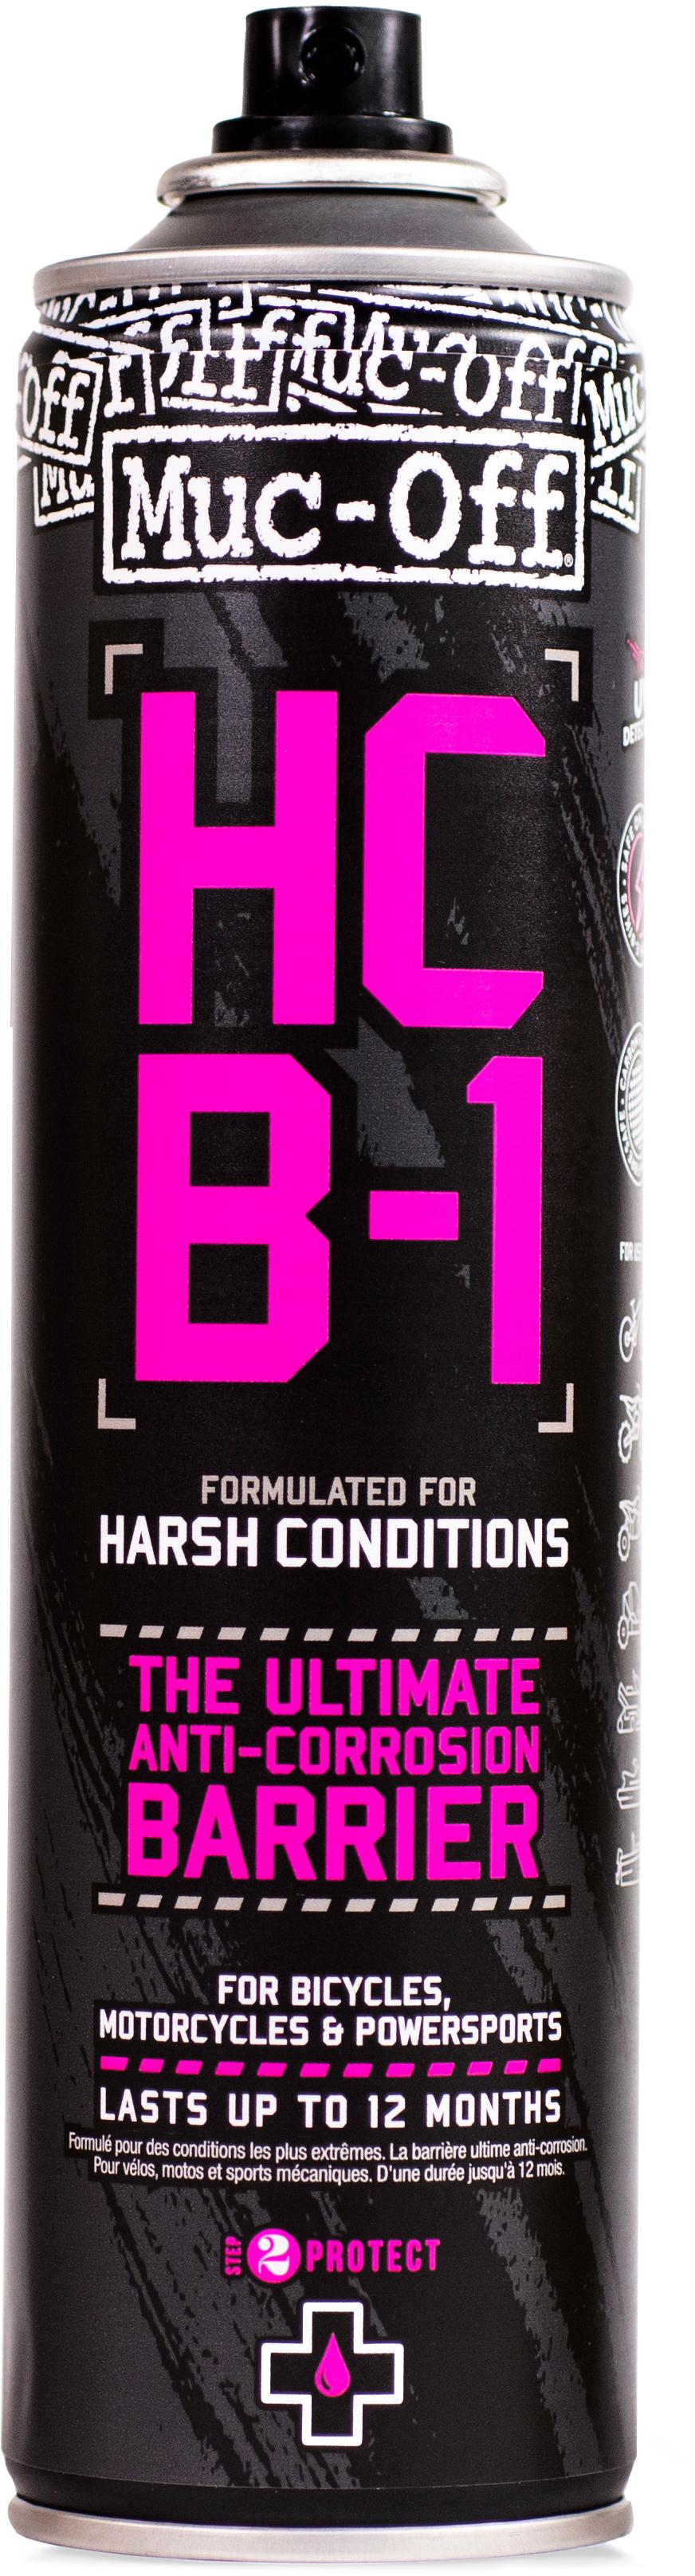 Muc-Off Hcb-1 Harsh Conditions Barrier 400Ml
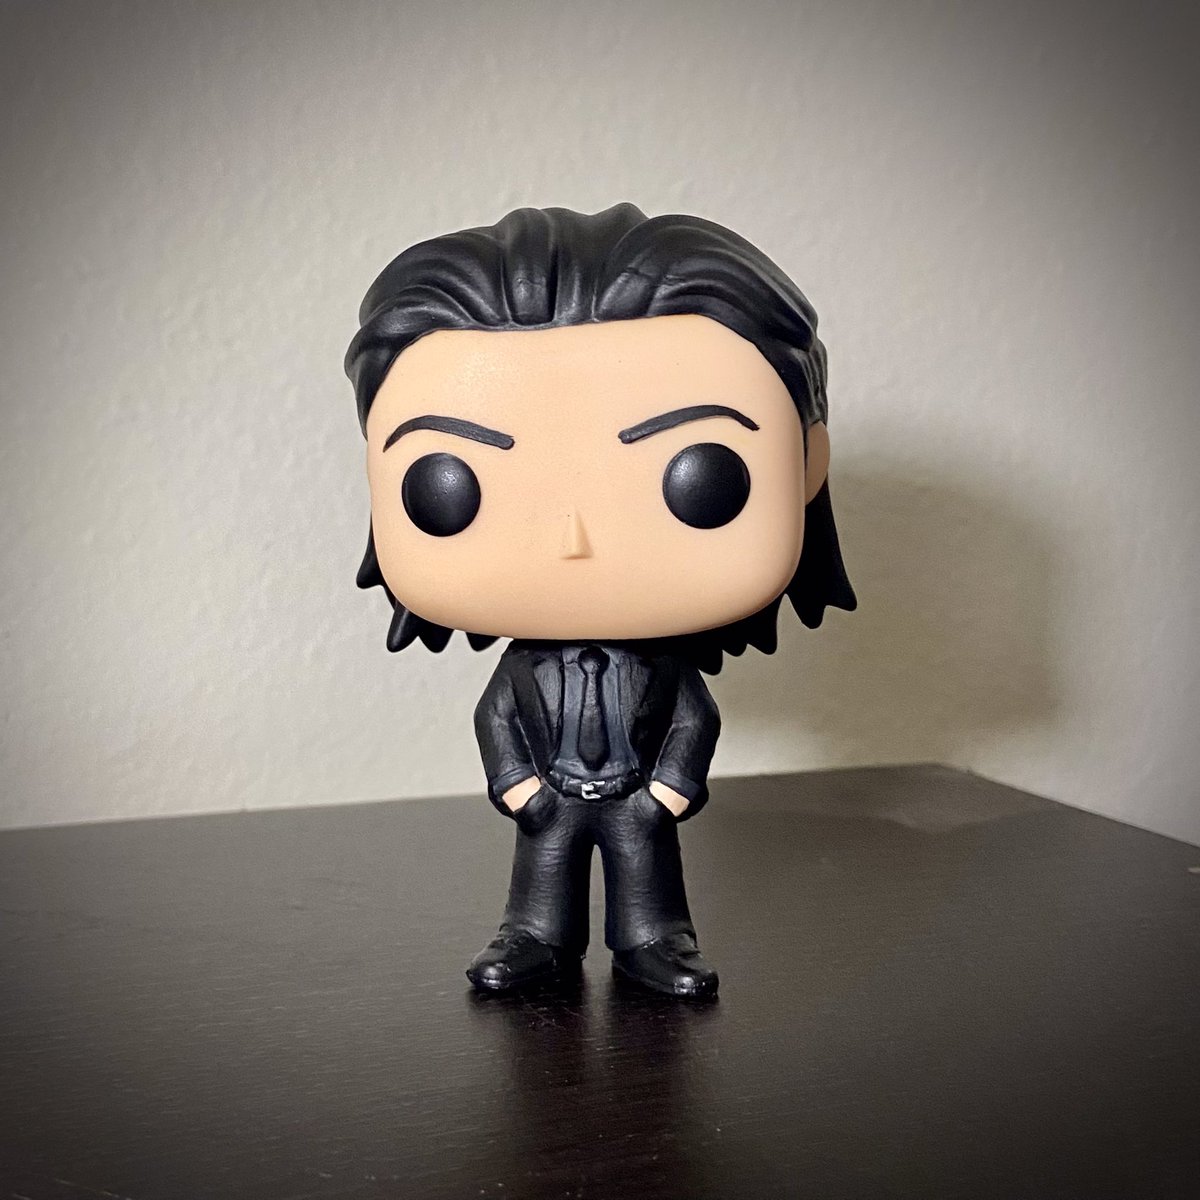 I came across another head that I used for the Ragnarok Loki with daggers. I didn’t have parts to make another one of those, so I decided to do one just in his black suit.   #funko #popvinyl #funkocustoms #popcustoms #spasticcustoms #customfunko #custompop #loki #thorragnarok
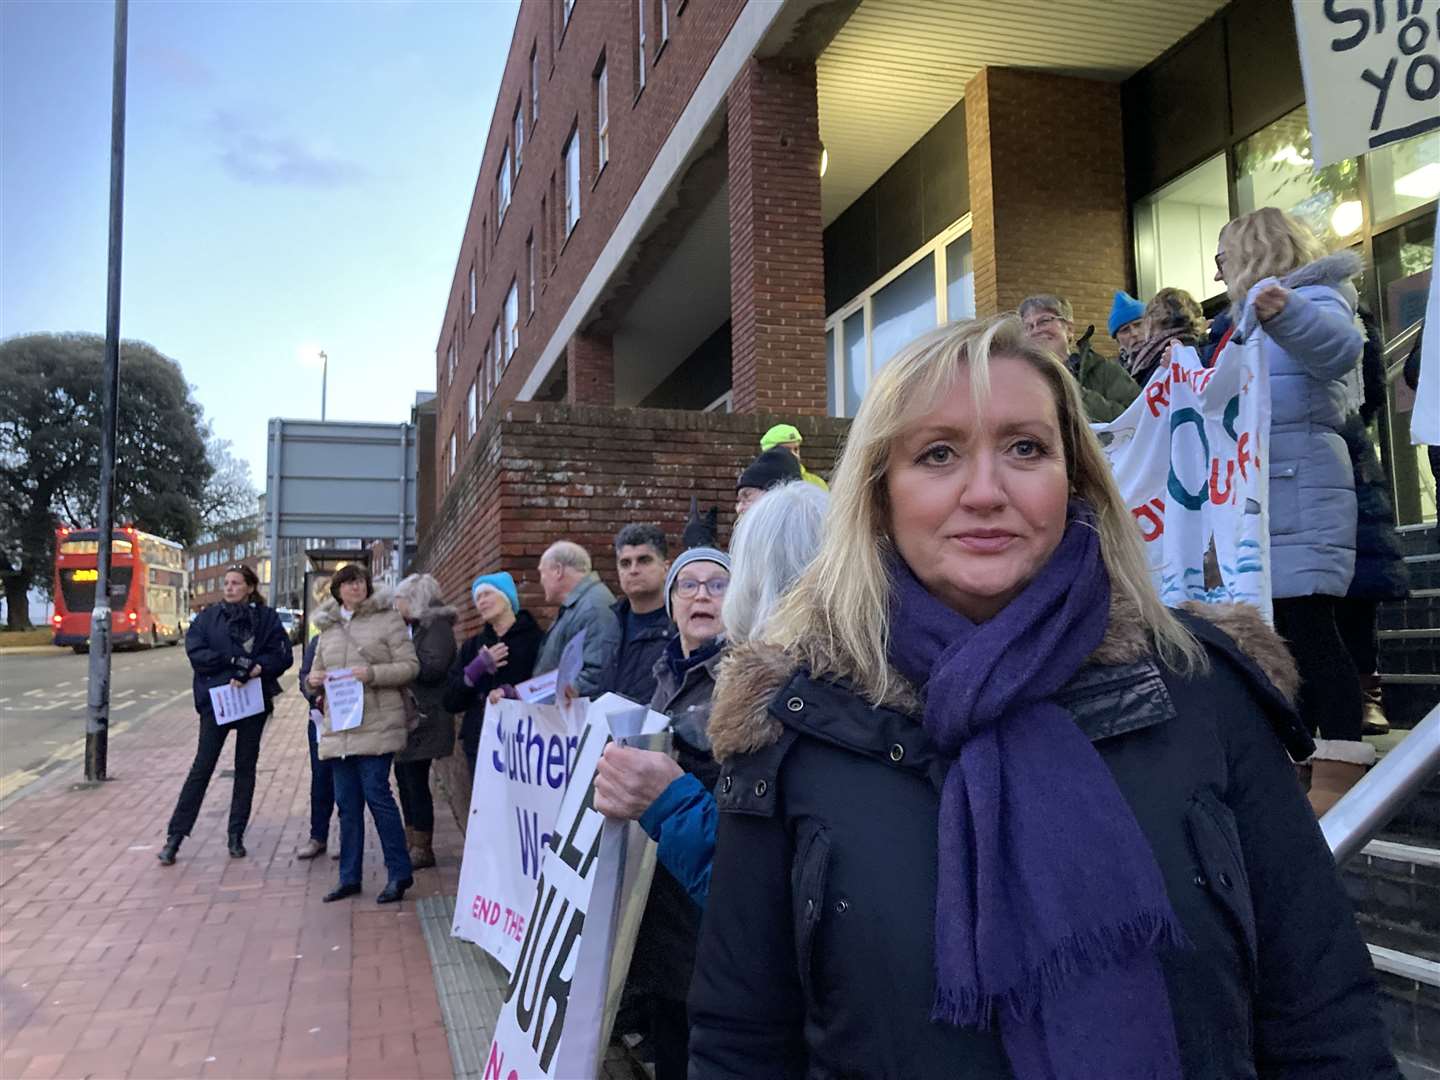 Julie Norburn-McRae was among the protesters outside the Thanet District Council's offices

Action item: Your job is to reproduce the material exactly. Keep pictures out of it.

Completed task:
 Muc-Off Hcb-1 Harsh Conditions Barrier 400Ml
 I came across another head that I used for the Ragnarok Loki with daggers. I didn’t have parts to make another one of those, so I decided to do one just in his black suit.   #funko #popvinyl #funkocustoms #popcustoms #spasticcustoms #customfunko #custompop #loki #thorragnarok
 Julie Norburn-McRae was among the protesters outside the Thanet District Council's offices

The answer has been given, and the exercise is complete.